_EXERCISE DETAILS_: Take the lines in the listing below from the line with "Nord fish. Бренд" up to and including the line with "Student Victoria Gumarshina" and set them down exactly, skipping pictures and adding nothing.

_RECORD EXCERPTS_:
------------------------------------
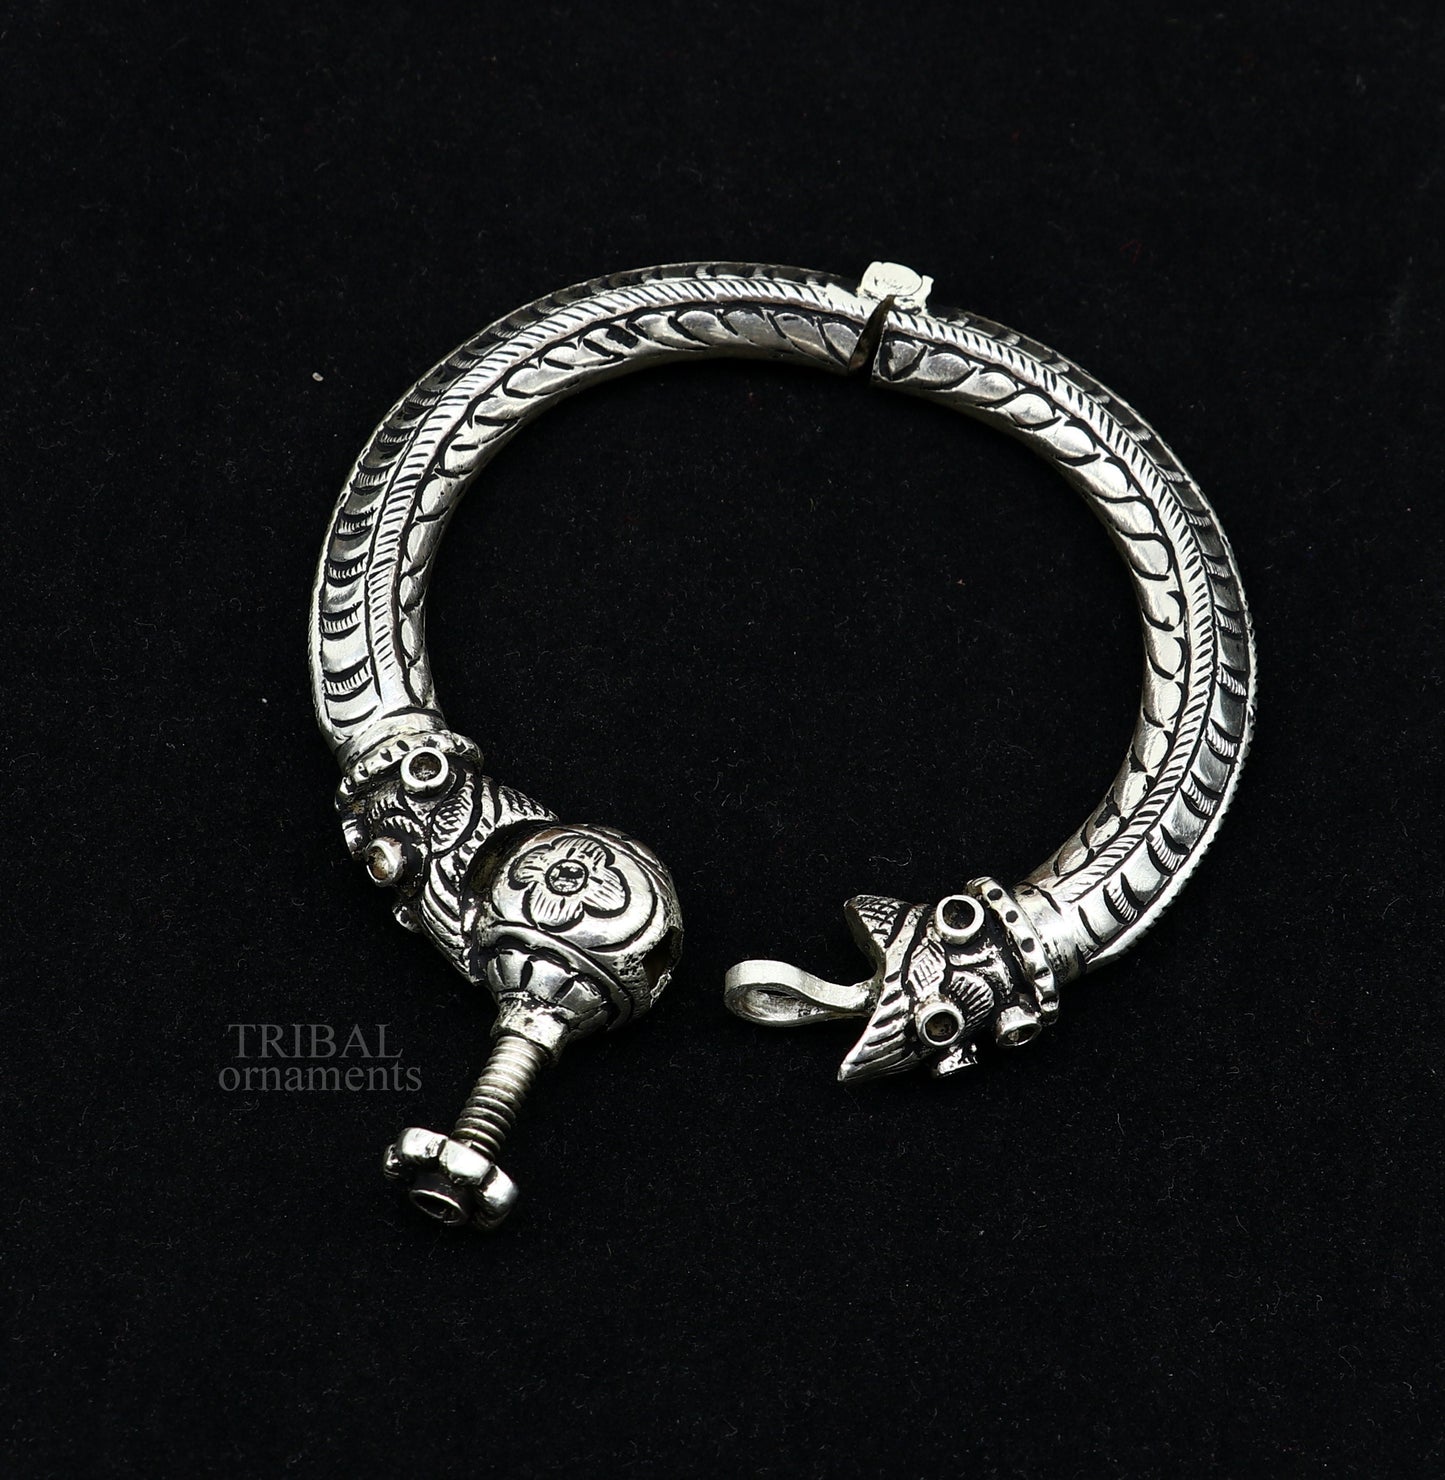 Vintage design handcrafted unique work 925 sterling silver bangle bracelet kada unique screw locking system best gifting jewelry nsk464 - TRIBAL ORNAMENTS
------------------------------------
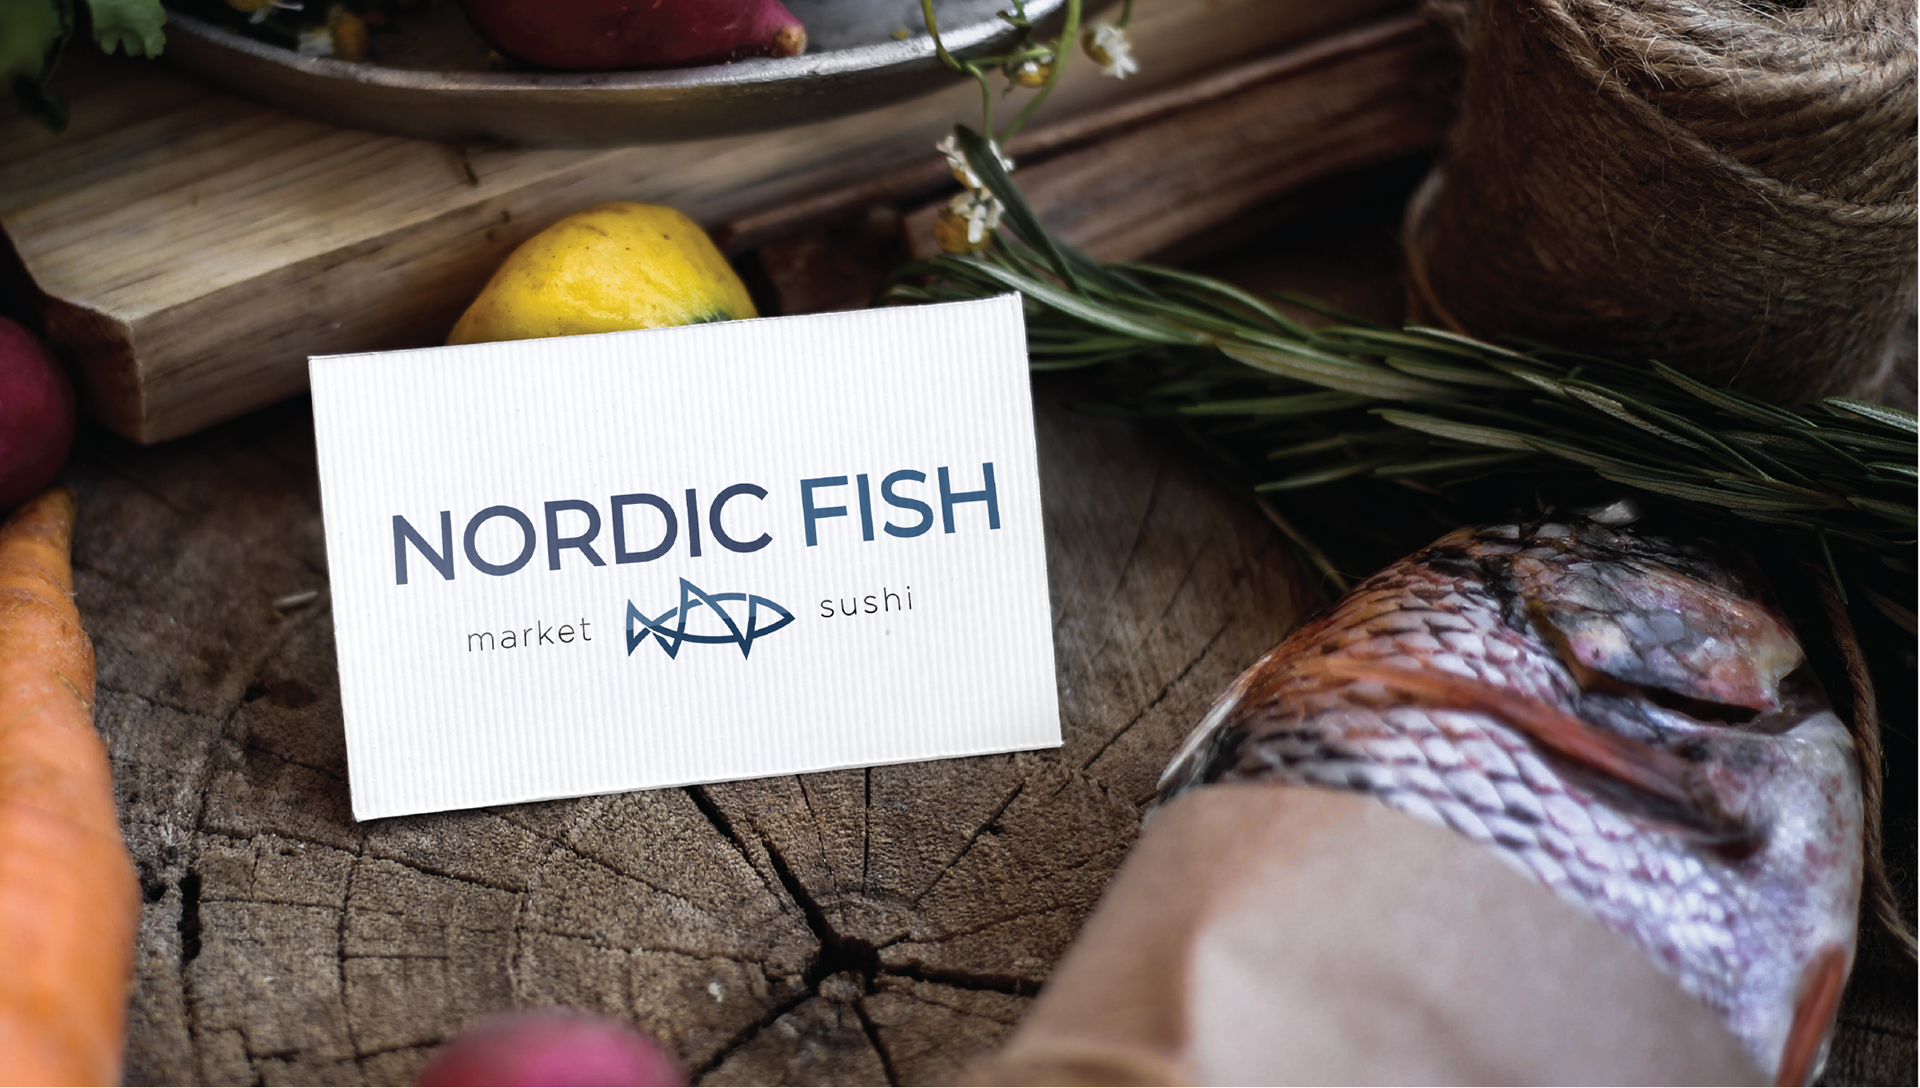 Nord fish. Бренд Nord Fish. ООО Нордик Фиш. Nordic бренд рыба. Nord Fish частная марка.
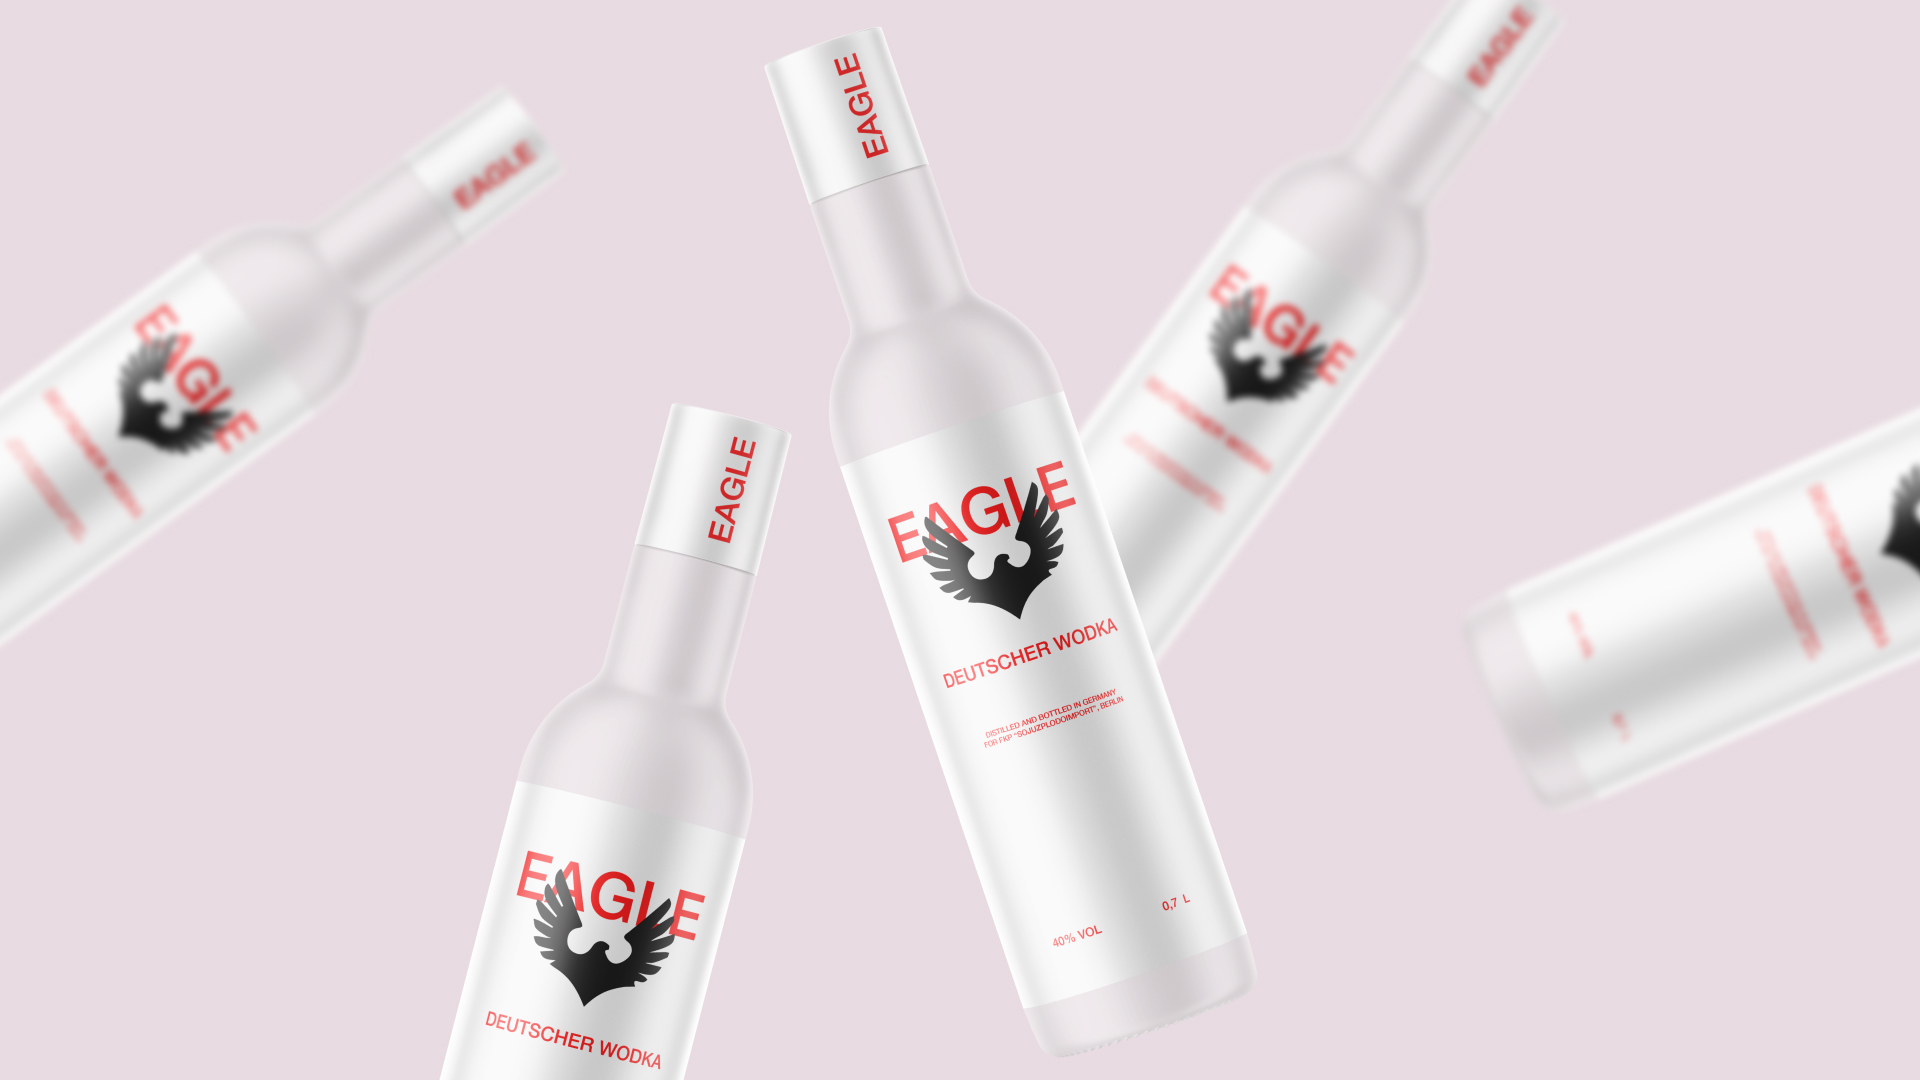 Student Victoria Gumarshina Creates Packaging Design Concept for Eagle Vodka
------------------------------------
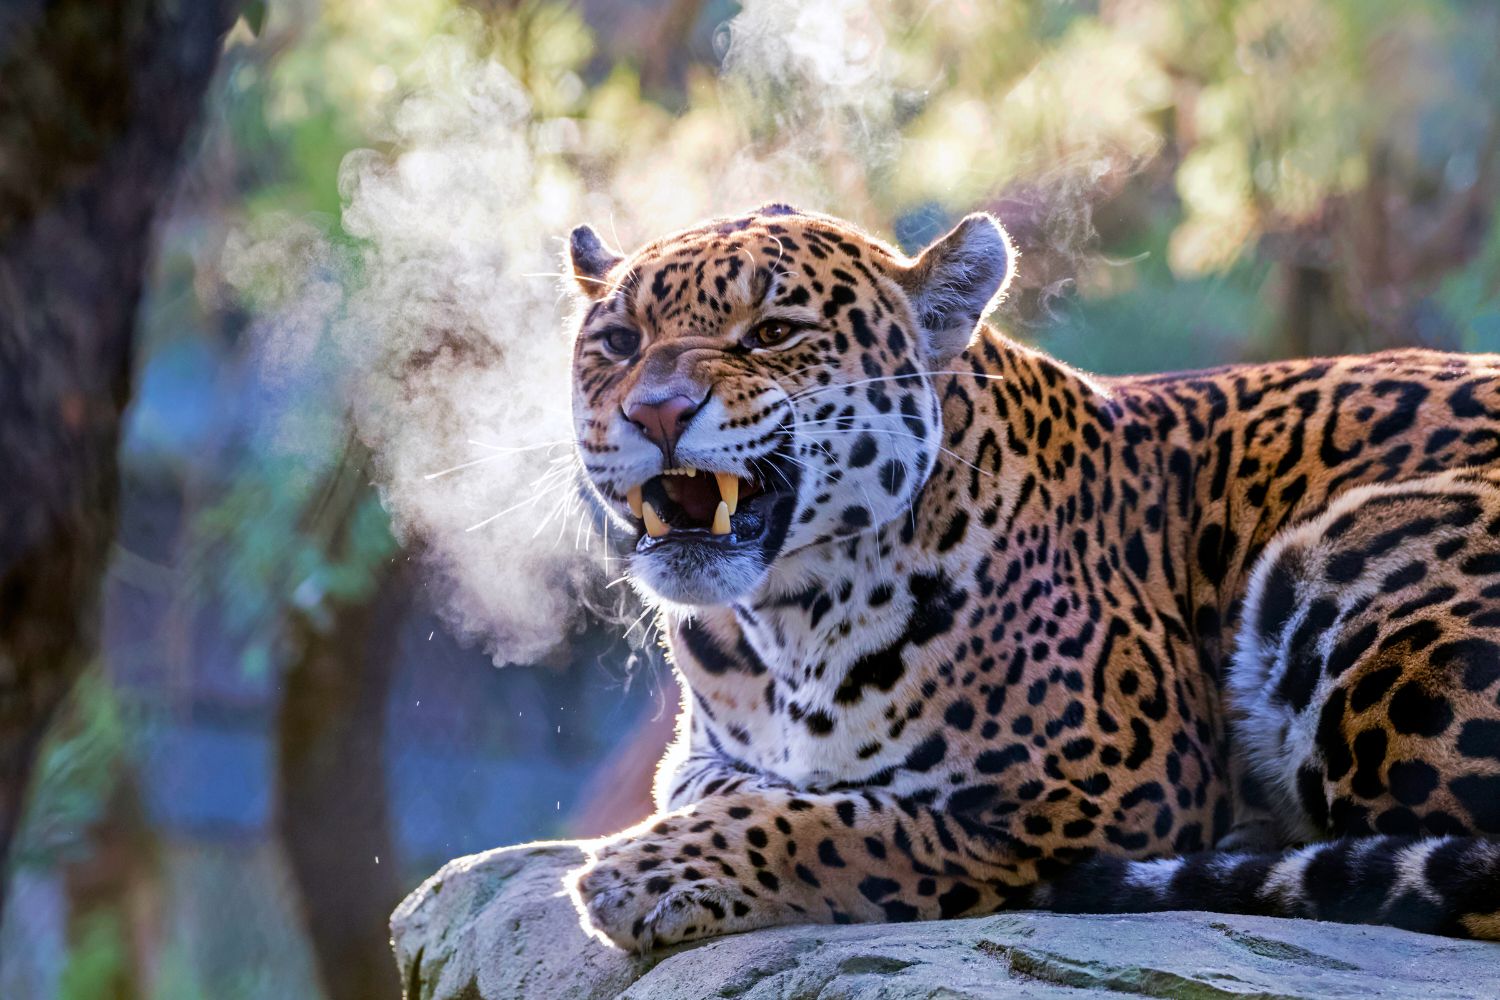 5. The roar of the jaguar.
------------------------------------
_TASK ANSWER_:
 Nord fish. Бренд Nord Fish. ООО Нордик Фиш. Nordic бренд рыба. Nord Fish частная марка.
 Student Victoria Gumarshina Creates Packaging Design Concept for Eagle Vodka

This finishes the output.